#### What is expected
Retype, exactly and with both ends included, the lines below from the one containing "Dimentions: 350 x 240 x 1.5 cm" through the end; omit the pictures.

#### Source records
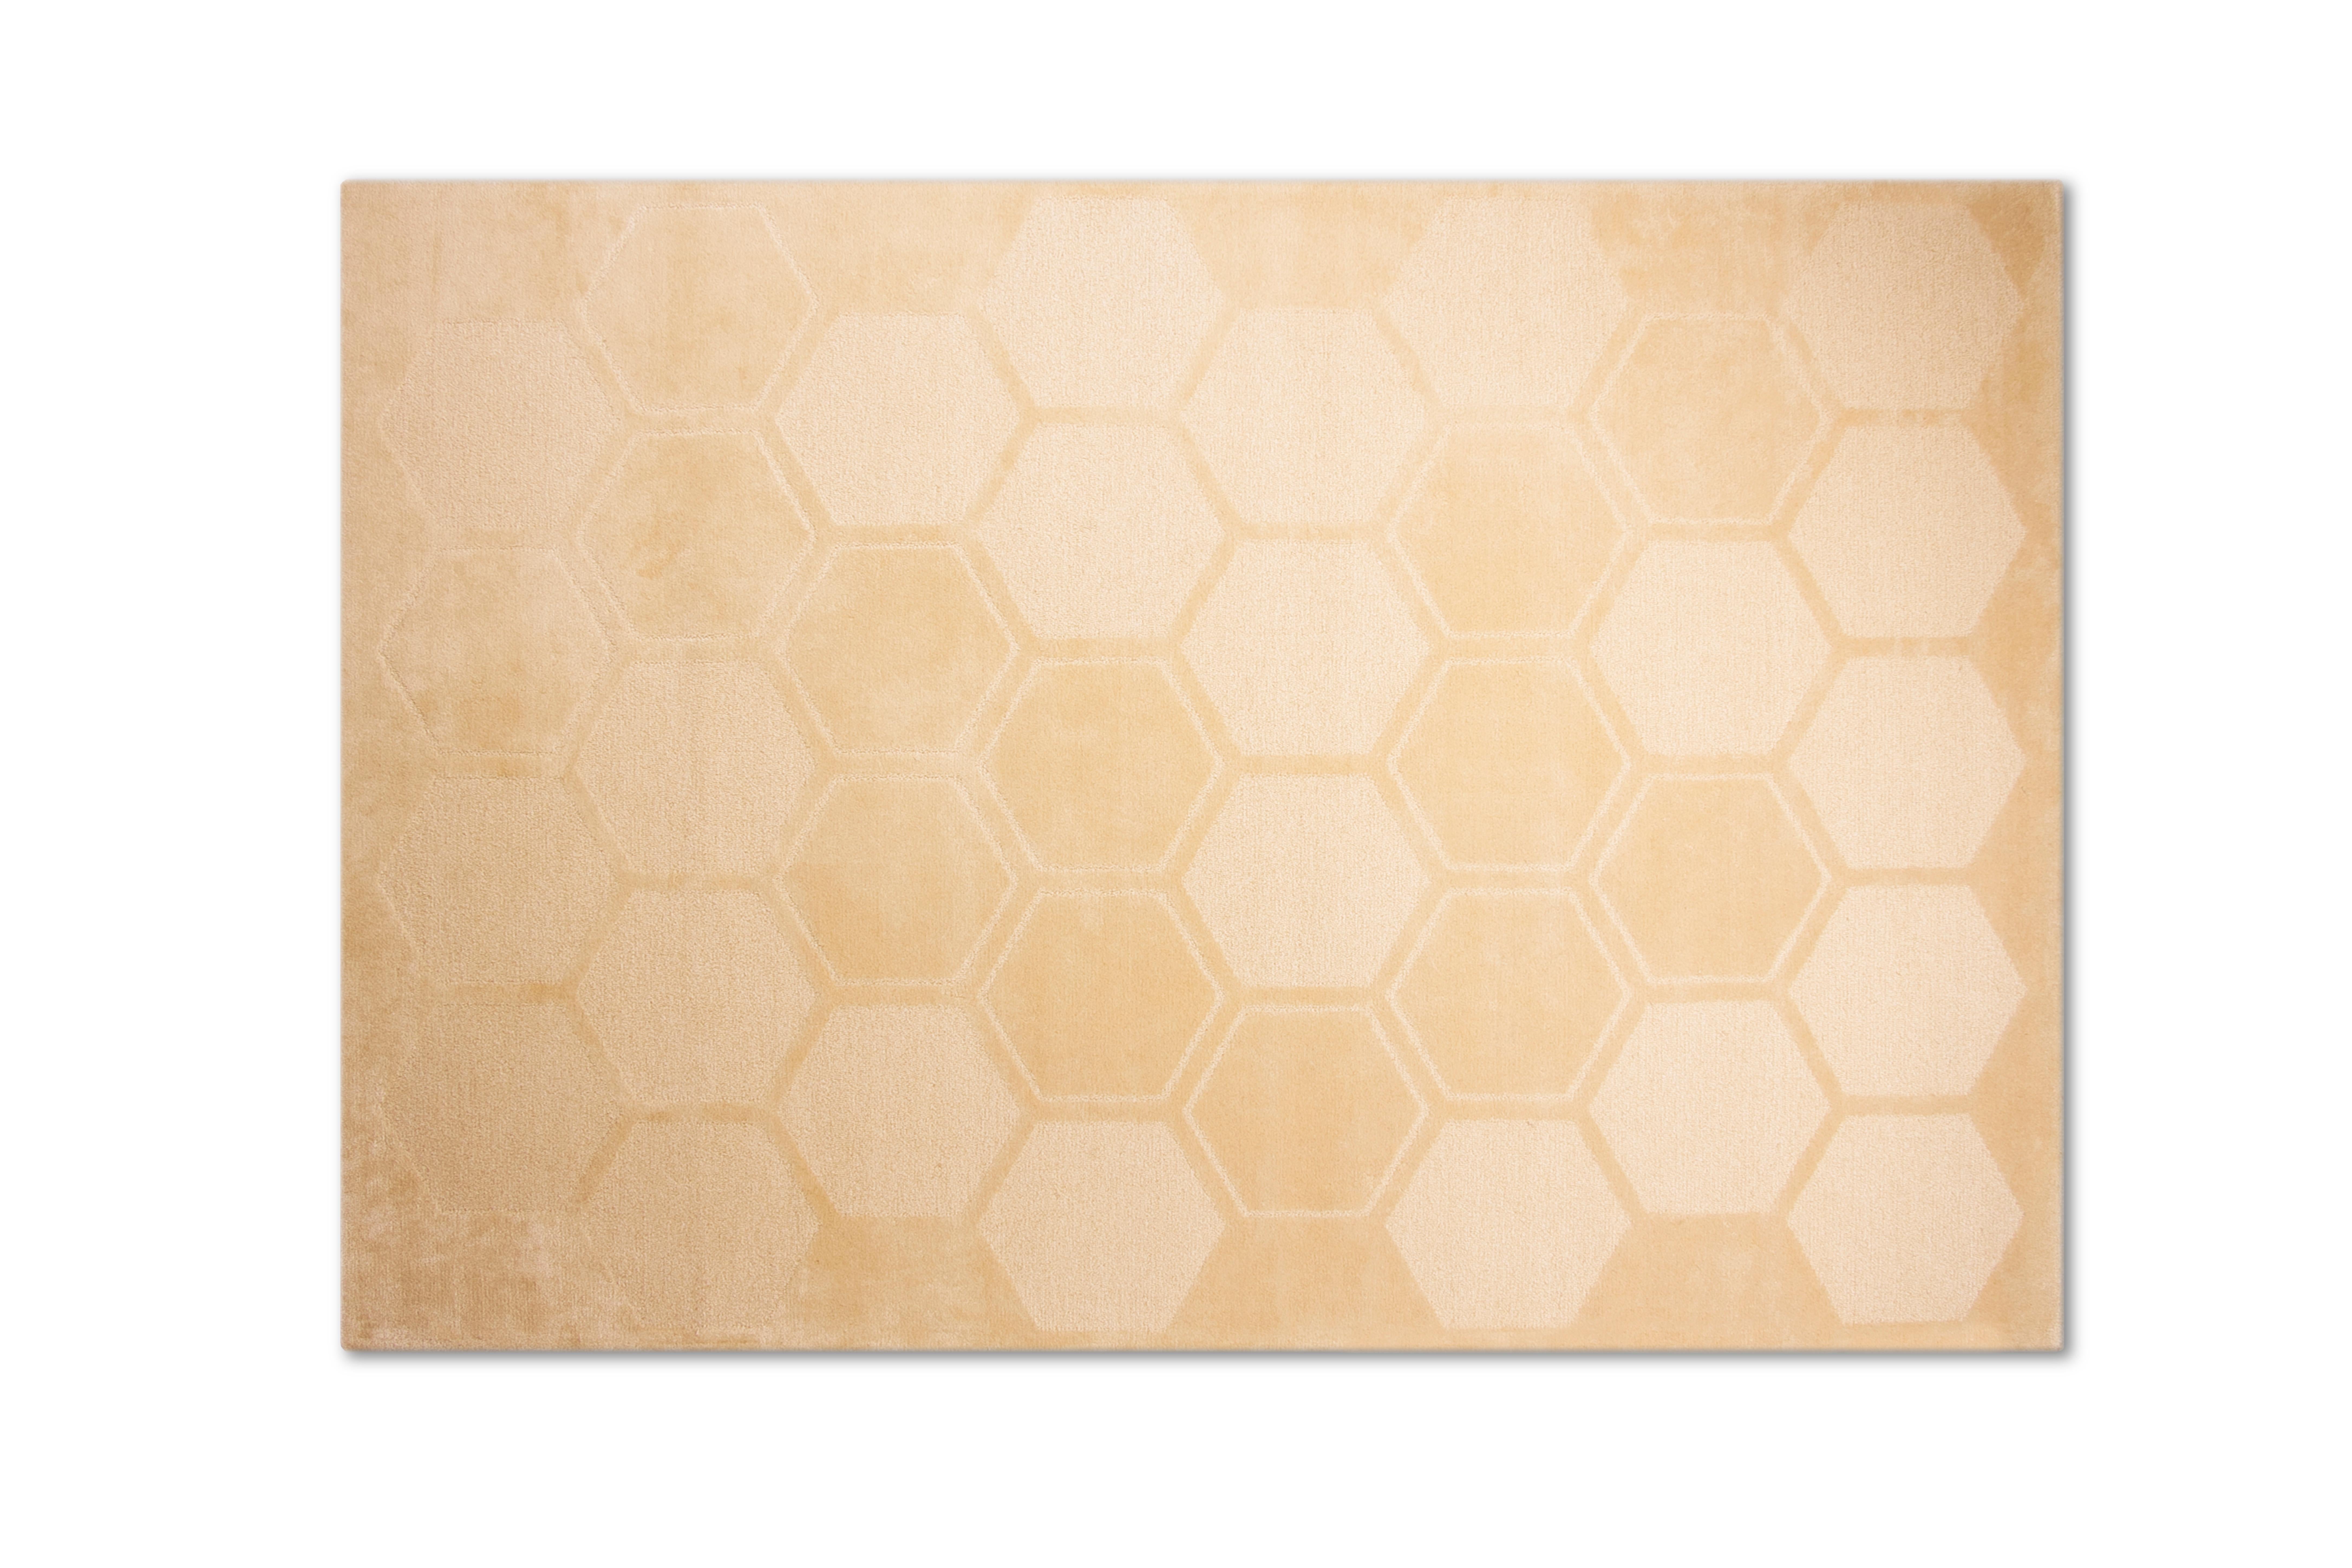 Honeycomb rug by Royal Stranger

Dimentions: 350 x 240 x 1.5 cm
Materials: Wool and silk

The Honeycomb rug completes the line using the wonderful pattern of the honeycomb and gives a sense of comfort and luxury to your space.

Royal stranger
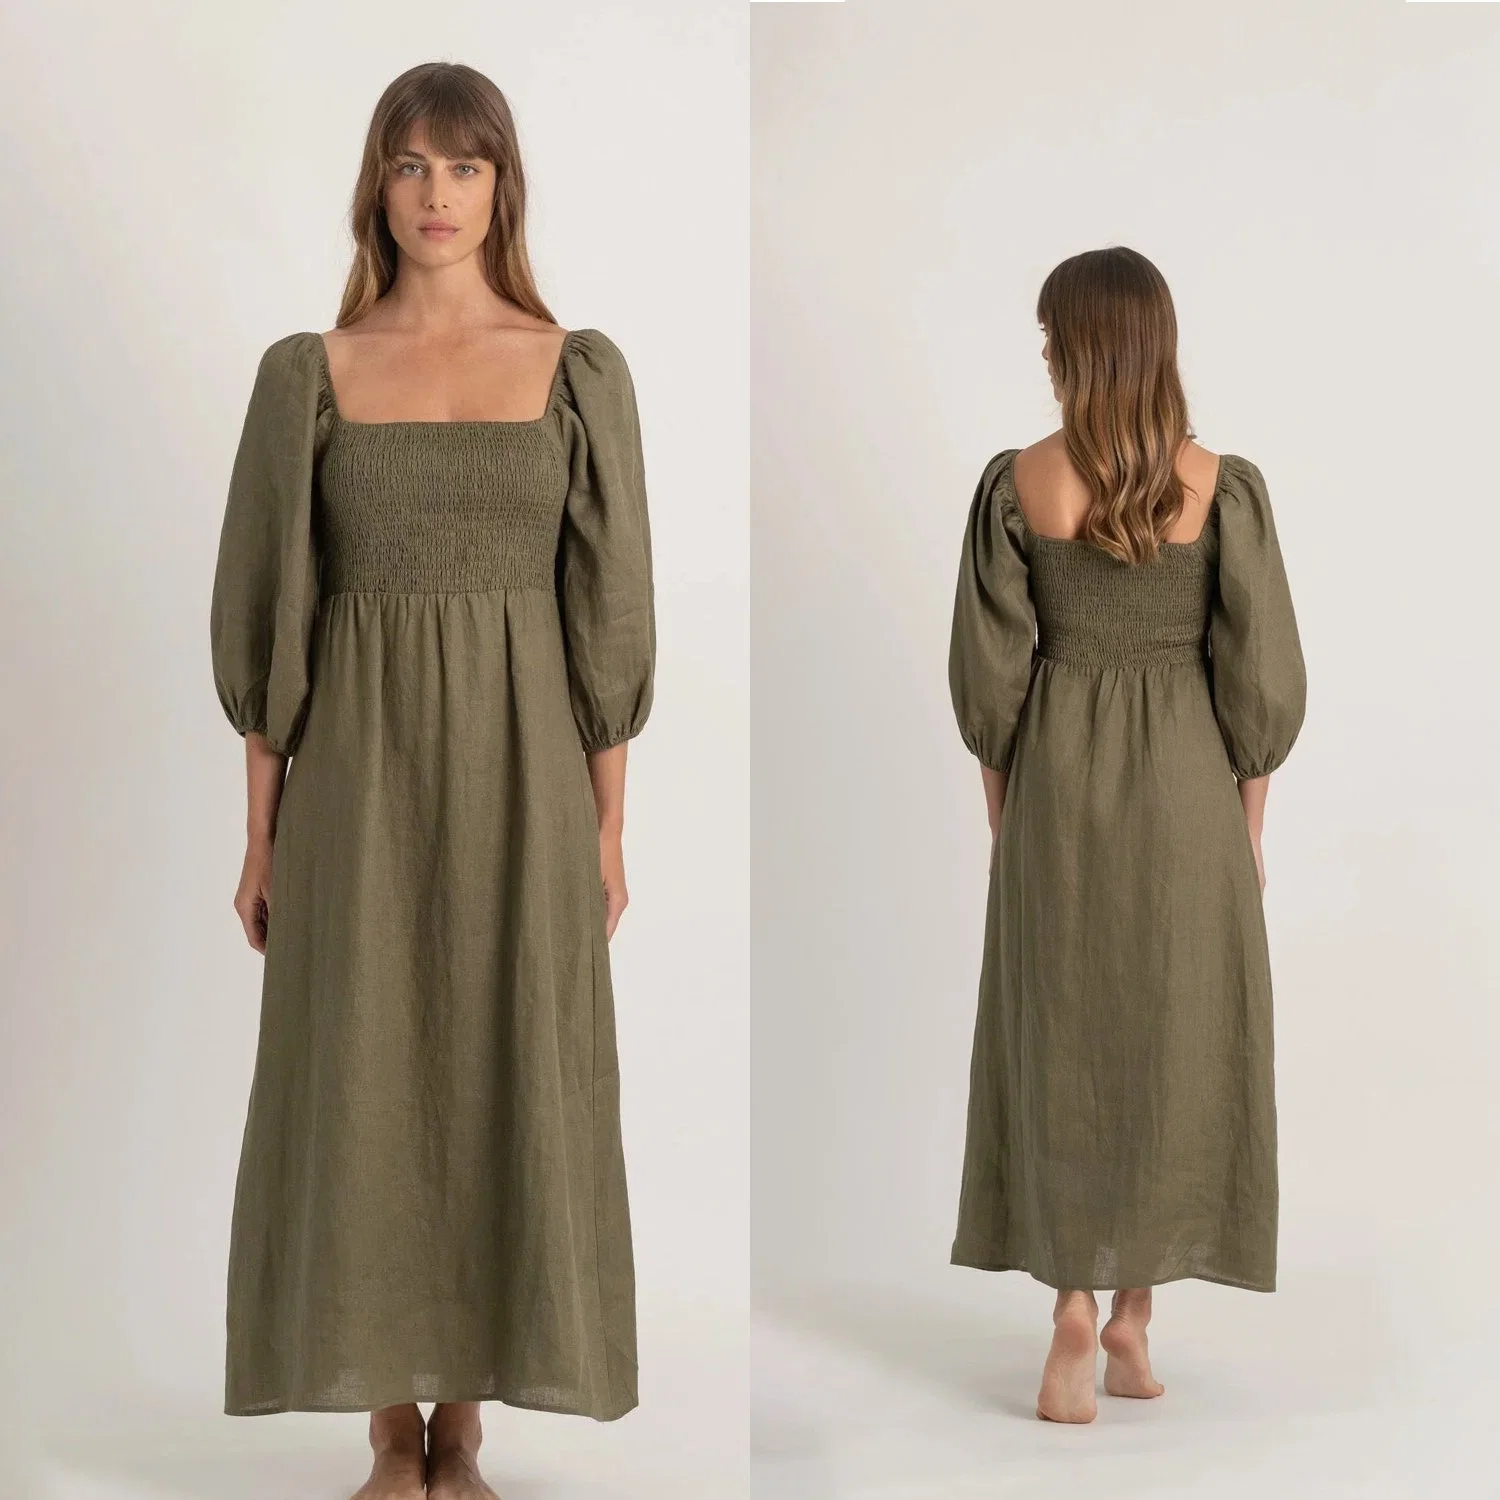 Women's Clothing Linen Casual Square Neck Bubble Sleeve Flared Women's Long Dress
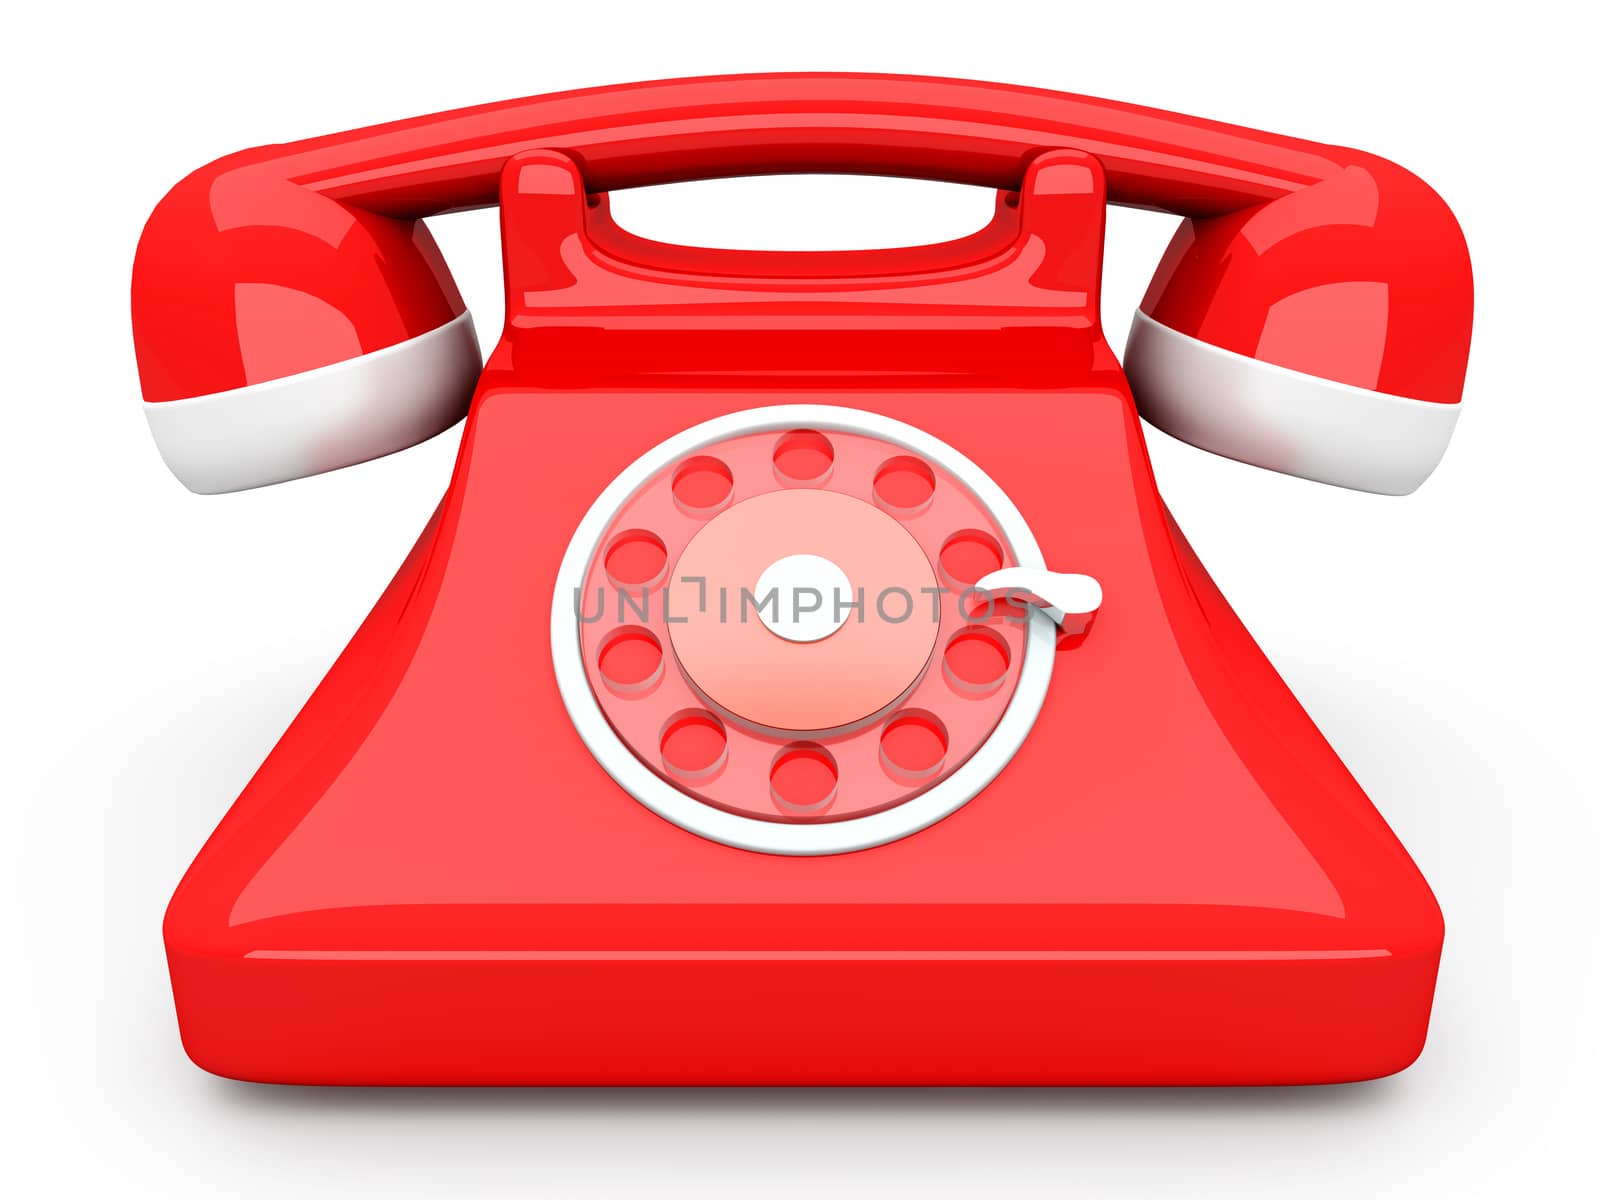 A red, classic Telephone. 3D rendered Illustration. Isolated on white.

#### Task output
Dimentions: 350 x 240 x 1.5 cm
Materials: Wool and silk

The Honeycomb rug completes the line using the wonderful pattern of the honeycomb and gives a sense of comfort and luxury to your space.

Royal stranger
 Women's Clothing Linen Casual Square Neck Bubble Sleeve Flared Women's Long Dress
 A red, classic Telephone. 3D rendered Illustration. Isolated on white.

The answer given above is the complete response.